Sailing, cruising, downsizing, reducing waste, conserving resources, taking a journey from having work as your life... to work as only a means to an end... and back again to seeing work as something you enjoy, believe in, and find productive and satisfying for your mind, body and soul. That's kind of an ideal, and can obviously only be achieved once one's basic needs are met. But the more basic one's needs, the more possible it is to meet them with the income from a job one enjoys.
..."good food, shelter, and something meaningful to do." - and friends and family.
[This posting references the previously-dated two postings with links to news articles and photos.]
What's happening in Nigeria? I don't know the conversation among Nigerians living near the oil leaks and gas burns and polluted fishing grounds. It's probably about the basics. The lack of basic necessities, in direct contradiction to the wealth being pumped out of the ground. Not only does it seem that none of the wealth is seen locally, but that the direct reverse is the case; they are paying the consequences for someone else's oil and monetary gains.
So, what will happen to Shell and companies like it? Probably not much. But, the market can make a difference. The market being a looming term for all the stuff we buy and the value of the resources it takes to make all that stuff. It comes back to conserving, downsizing, and thinking.
So many things we use are made from petroleum. We try to think about the packaging at the grocery stores where we shop. There is plastic everywhere. Non-recyclable plastic.
People seem afraid to talk to the stores about their supplier's packaging. If there is only one kind of eggplant available and it's wrapped in plastic on top of a foam carton, (which we have seen), then should we choose something else for dinner? Denmark seems to have as much plastic packaging on regular non-organic produce as anywhere else we've been. There is the option of buying organic produce, which often has better packaging, (also more expensive), or of buying from a 'green grocer', meaning a small veggie-only market. They are more likely to sell produce individually, possibly more locally-grown, without the packaging that is common for produce that's been shipped to Denmark from Spain, or even South America.

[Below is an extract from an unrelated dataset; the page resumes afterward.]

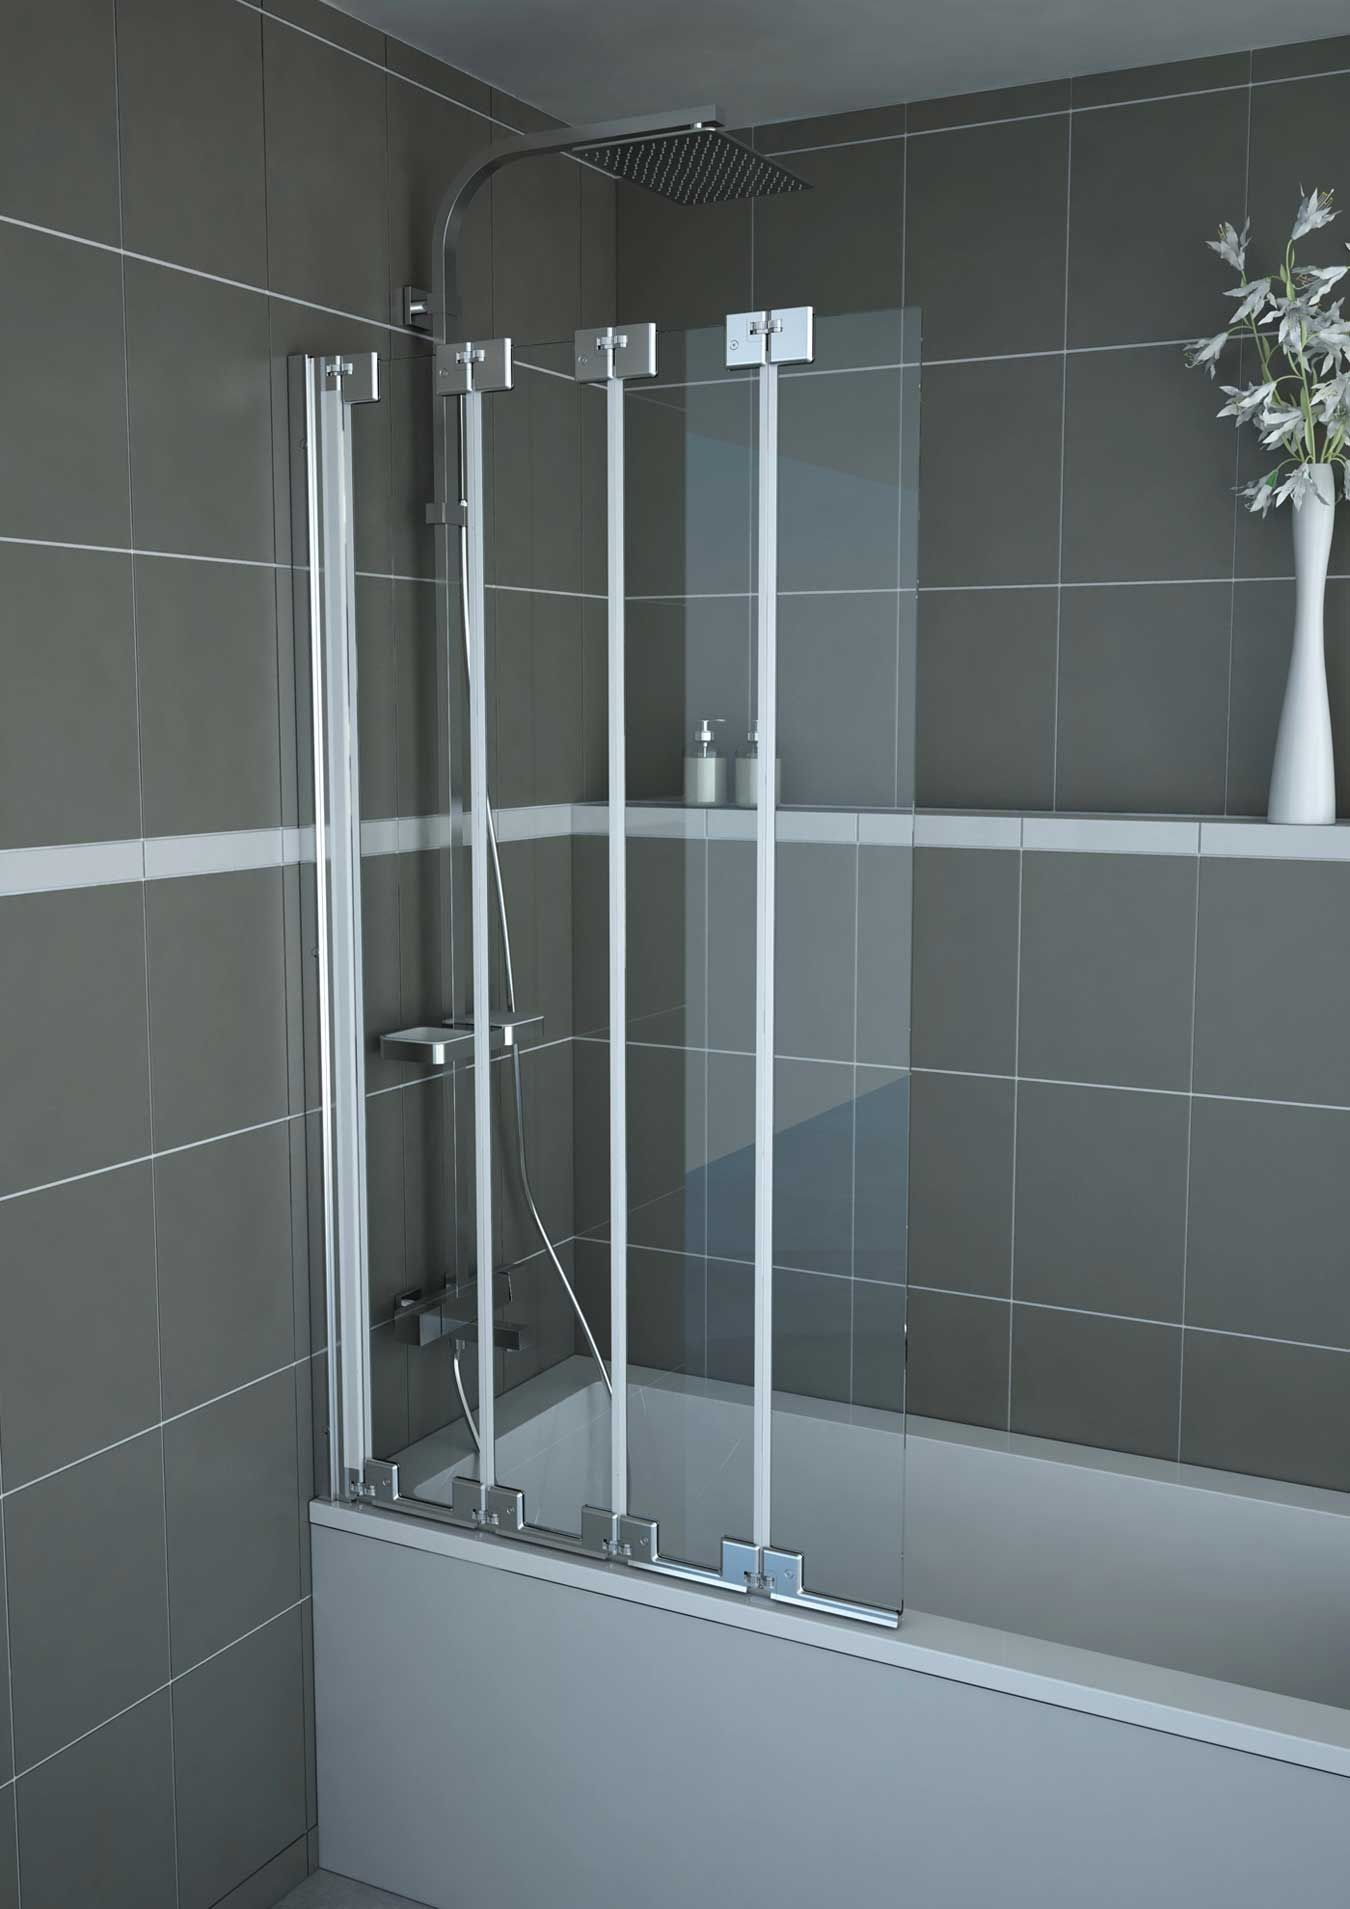 Folding Shower Doors For Tubs Bathtub Shower Doors Tub Doors

It's tough when you are on a budget, to change policy through your shopping habits.
Life is a lot tougher for people who live in a place that's been exploited of it's resources so we can have twenty kinds of fresh produce year-round, fish that once sustained a small poor nation, and a cup of daily coffee, and the disposable cup it comes in.
It's not popular to talk about people's coffee. Enough for now. But, have a "bring your own cup to work day"...soon. It's not unsanitary if it doesn't touch the machine. Certainly no more unsanitary than the germs on the money being changed hands.
We will keep thinking and keep trying.
The next posting topic might be about immigration... which is pretty hot whether you're in Denmark or Missouri, U.S., and is also connected to the issues in the posting above. ...the Nigerian woman in the grocery store in Denmark; poverty-stricken Somalia with it's depleted fishing stock; the children's book at the local library that is in Somali and English; the Arabic children's book that begins on the back page instead of the front; the check-out girl at the super-market who wears a head scarf; the political poster on the advertisement board at the train station that says "Give us Denmark back".
It's all a learning process for me.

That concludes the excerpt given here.